Using Java to implement modular parser __java

Source: Internet
Author: User
Tags lowercase

http://www.ibm.com/developerworks/cn/java/j-lo-compose/index.html
implementing modular parser with Java

Sun Yu, Deng

Introduction: Ward Cunningham once said that clean code clearly expresses what the code writer wants to express, while graceful code goes further, and beautiful code looks like it's a problem to be solved. In this article, we will show the design and implementation of a modular parser, the final code is graceful and extensible, as if it were to parse a particular syntax. We will also select an example in the H.248 protocol to implement its parser using the combined parser described above. In this process, readers can not only appreciate the beauty of the code, but also learn some knowledge of functional programming and the construction of DSL. -->

Release Date: June 24, 2010
Level: Advanced
Recommendation: 2 (view or add a comment ) average score (total 12 ratings)

The basics of DSL design

When we implement a feature in a programming language (e.g., the Java language), we are actually directing the computer to accomplish this function. But what language can bring to us is not limited to that. More importantly, language provides a framework for organizing our thinking and expressing computational processes. The core of this framework is how to combine simple concepts into more complex concepts while preserving their closure of combinatorial methods, that is to say, complex concepts combined are identical for combinatorial approaches and simple concepts. References to "Structure and interpretation of Computer Programs" (see Reference resources) in the words of the book, any powerful language is achieved through the following three mechanisms: atoms : The simplest of languages , the most basic entity; a method of combining atoms together to form more complex entities; abstract means : A method of naming complex entities, which can be combined together into more complex entities, as with atoms.

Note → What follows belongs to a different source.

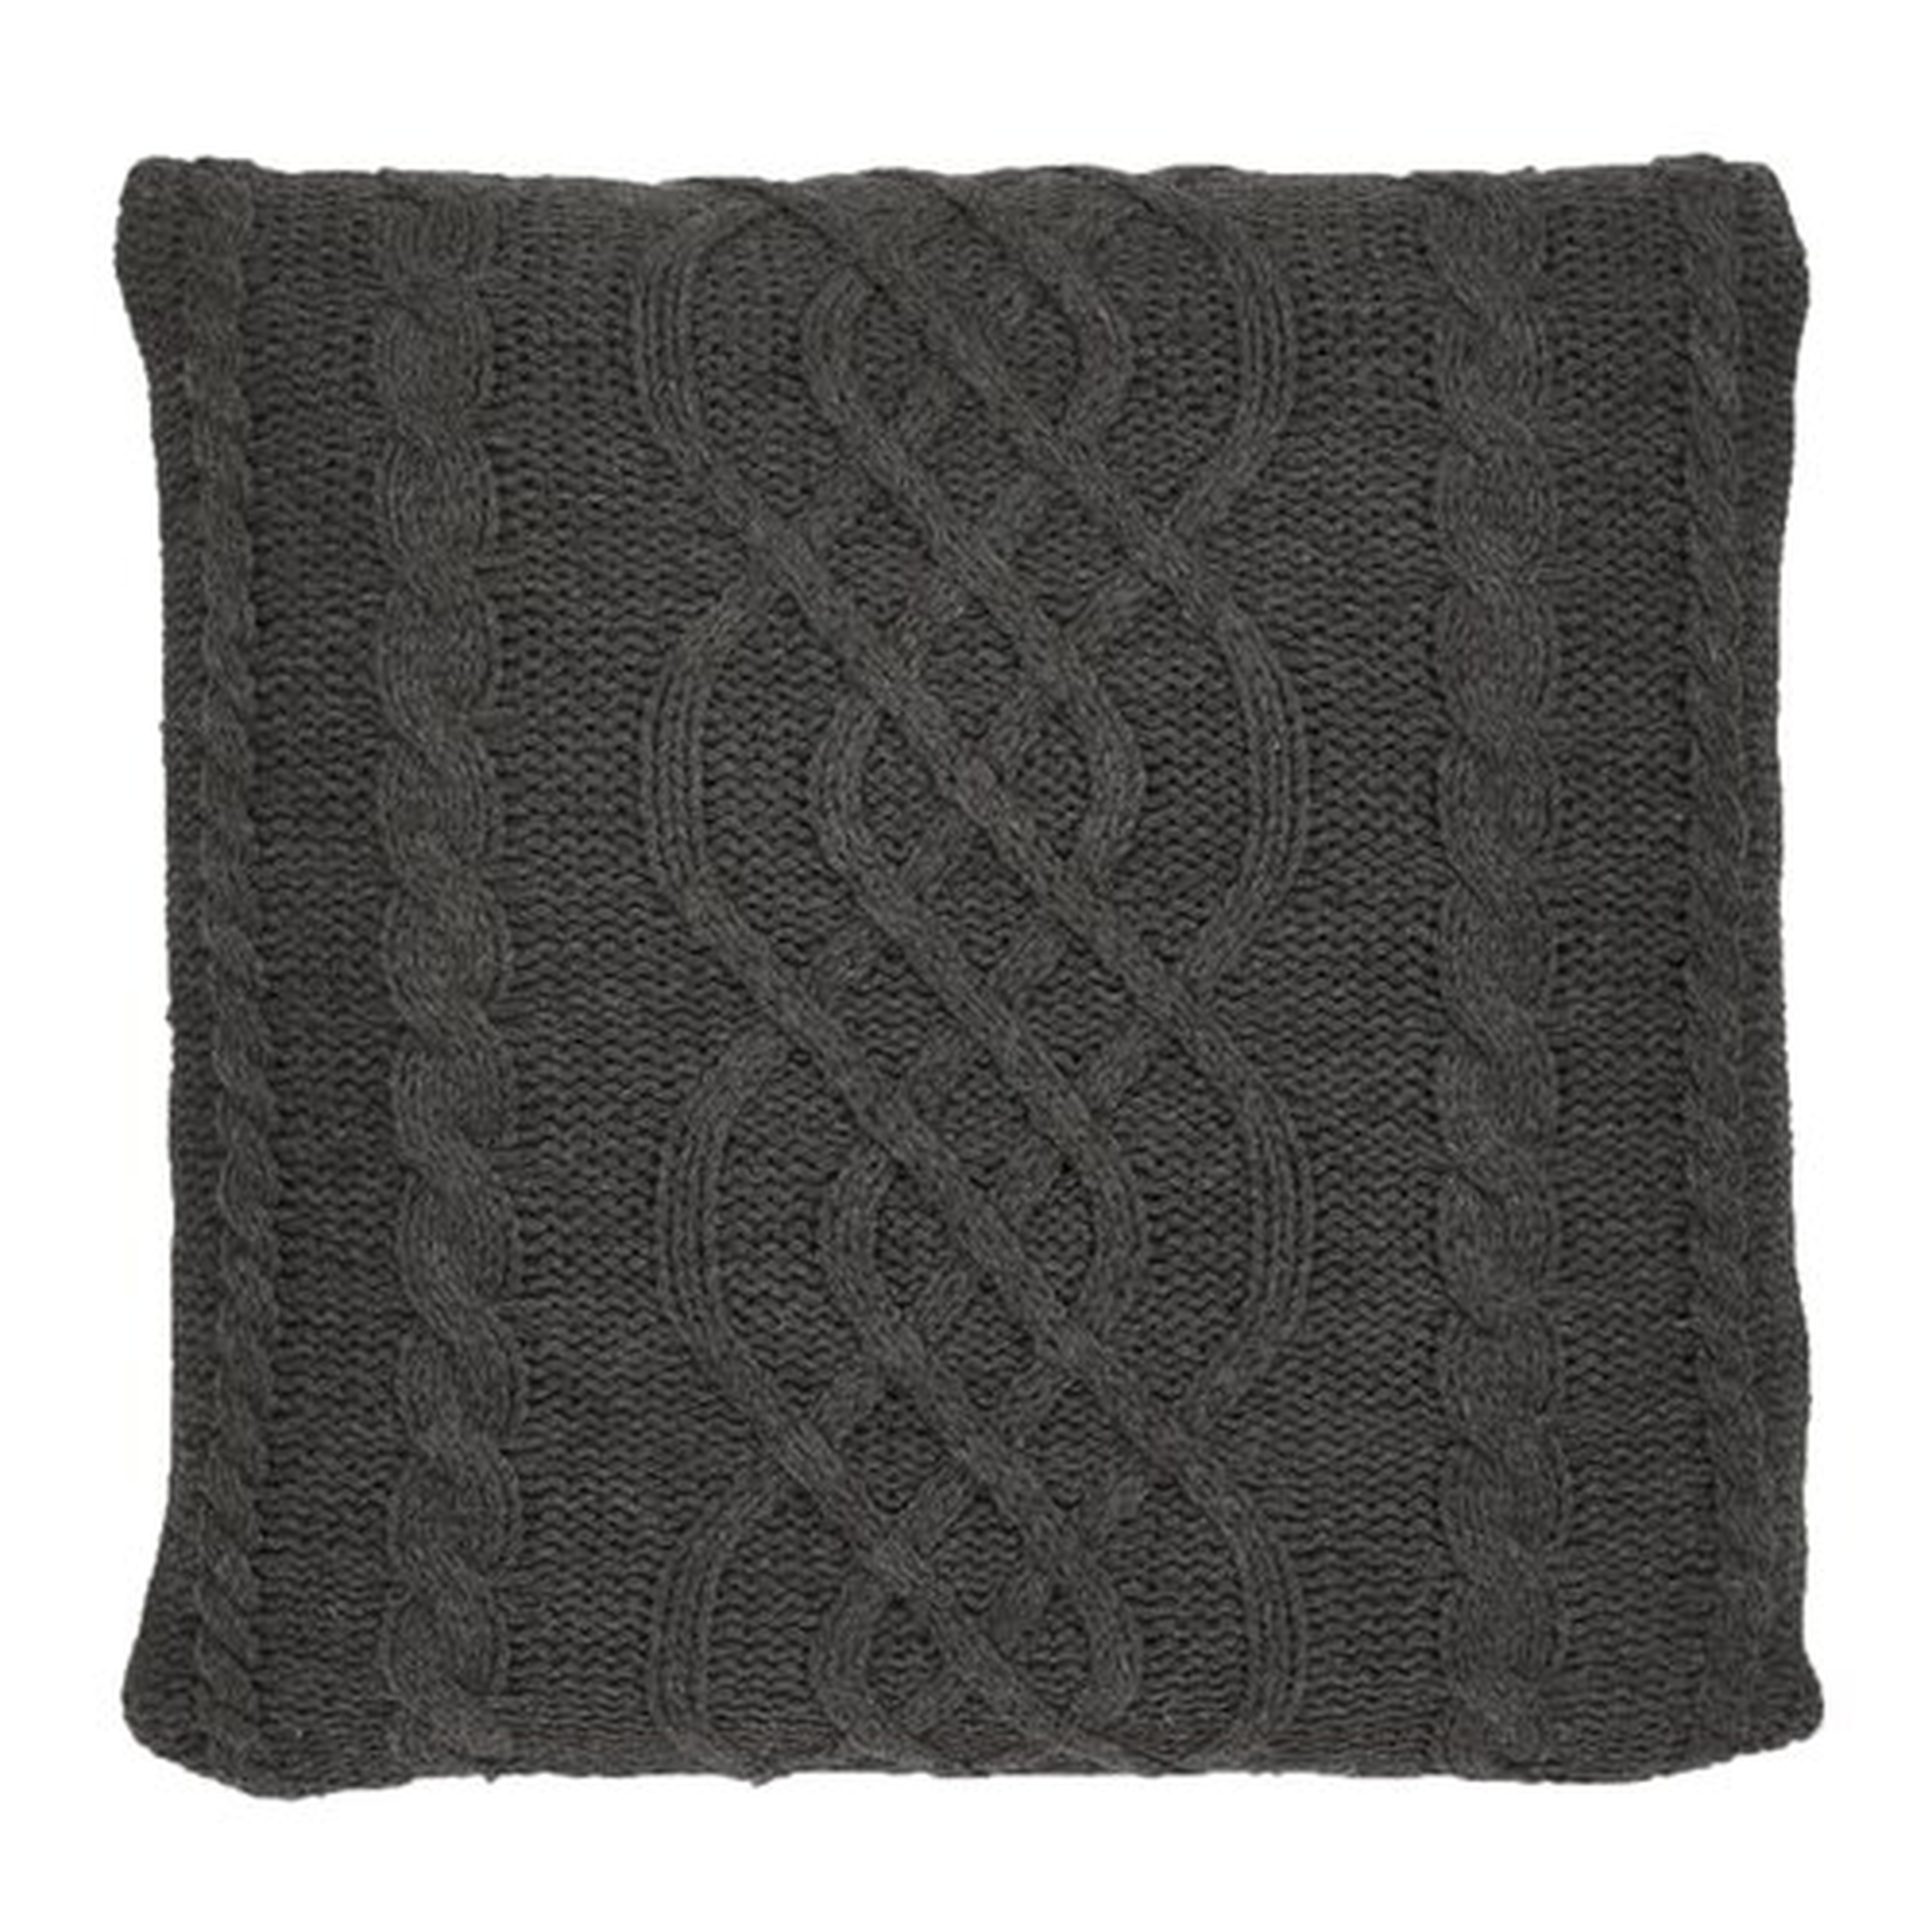 Lucero Chunky Cable Knit Throw Pillow - Wayfair

A general-purpose programming language such as Java is concerned with the general approach to solving problems. Therefore, the three mechanisms provided by this system are also common-level. There is a semantic gap between this generic approach and the concepts and rules in specific problem areas when solving specific problems, so clearly defined concepts and rules in some problem areas may become less clear when implemented. As a programmer, using clean code to implement functionality is only a primary requirement, and more importantly, to promote the level of common language, build a language for a specific problem domain (DSL), the key point in this process is to find and define the problem-oriented domain of the atomic concept, A combination of methods and abstract means . This DSL does not have to be as complete as the common language, its goal is to clearly and intuitively express the concepts and rules in the domain of the problem, and the result is to turn a common programming language into a specialized language for solving specific problems.

We have built a DSL for interface layout in the context of the design and implementation of a Java-based interface layout DSL (see reference resources), which presents these ideas. In this article, we'll take the parser's construction as an example of how to build a DSL for string parsing, a DSL with powerful scalability that allows readers to define their own combinations based on their needs. In addition, the reader can also enjoy the elegance of functional programming from this article.

Back to the top of the page

Parser Atom

What is a parser. The simplest parser is what. It is generally believed that the parser is to determine whether the input string satisfies the given grammatical rules and, if necessary, to extract the corresponding syntax unit instances. Conceptually, there is no problem with this understanding. But to define a DSL for resolution, it requires a more precise definition, which means we define the exact type of the parser's concept. In Java, we use interface to define the parser type, as follows:





Where target is the string to parse, result is the resolution, and as long as the object that satisfies this interface semantics, we call it a parser instance. The definition of result is as follows:

class result 
{
Private String recognized;
Private String remaining;
Private Boolean succeeded;

Private Result (string recognized, string remaining,
Boolean succeeded) {
This.recog nized = recognized;
This.remaining = remaining;
this.succeeded = succeeded;
}

Public boolean is_succeeded () {
return succeeded;
}

Public String get_recognized () {
return recognized;
}

Public String get_remaining () {
return remaining;
}

public static result succeed (string recognized,
string remaining) {
Retu RN new result (recognized, remaining, true);
}

public static result fail () {
return new result ("", "", false);
}
}

Where the recognized field represents the part known to the parser, remaining represents the remainder after parsing the parser, succeeded indicates whether the parse succeeded, and result is a value object. With the exact definition of the parser, we can then define the simplest parser. Obviously, the simplest parser is a parser that doesn't parse anything, and returns the target string as it is, which we call zero, defined as follows:






}

The Zero parser must parse successfully, without any grammatical unit recognition and directly return the target string. Let's define another very simple parser item, as long as the target string is not empty, the item takes the first character of the target string as its recognition result and returns a success, and if the target string is empty, it returns a failure, and the item is defined as follows:











Zero and Item are the only two atoms in our parser DSL, and in the next section we define the composition of the parser.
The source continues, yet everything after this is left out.